▸ Task description
Reproduce the listing in full. Omit the pictures.

▸ Dataset extract
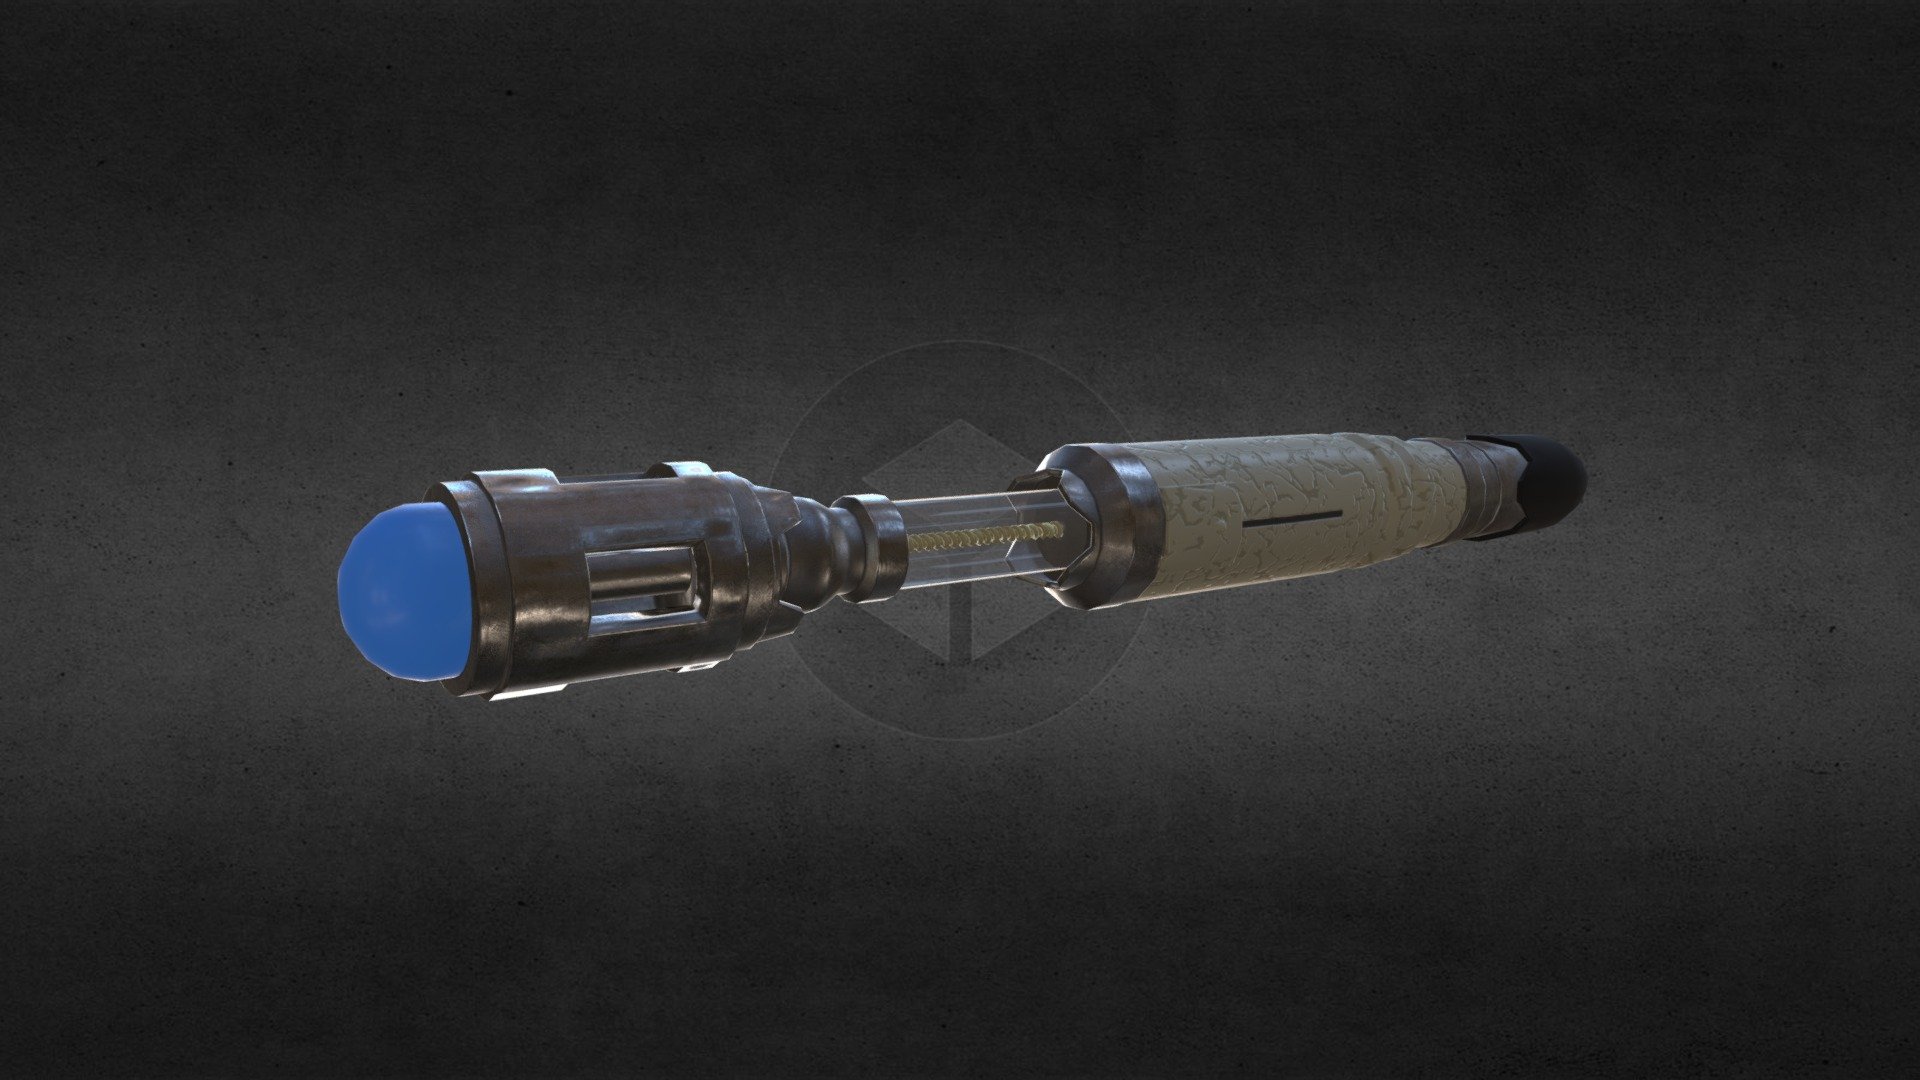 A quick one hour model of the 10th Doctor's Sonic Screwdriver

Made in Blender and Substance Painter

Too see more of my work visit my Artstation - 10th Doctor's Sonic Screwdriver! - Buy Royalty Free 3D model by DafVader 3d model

▸ Expected output
 A quick one hour model of the 10th Doctor's Sonic Screwdriver

Made in Blender and Substance Painter

Too see more of my work visit my Artstation - 10th Doctor's Sonic Screwdriver! - Buy Royalty Free 3D model by DafVader 3d model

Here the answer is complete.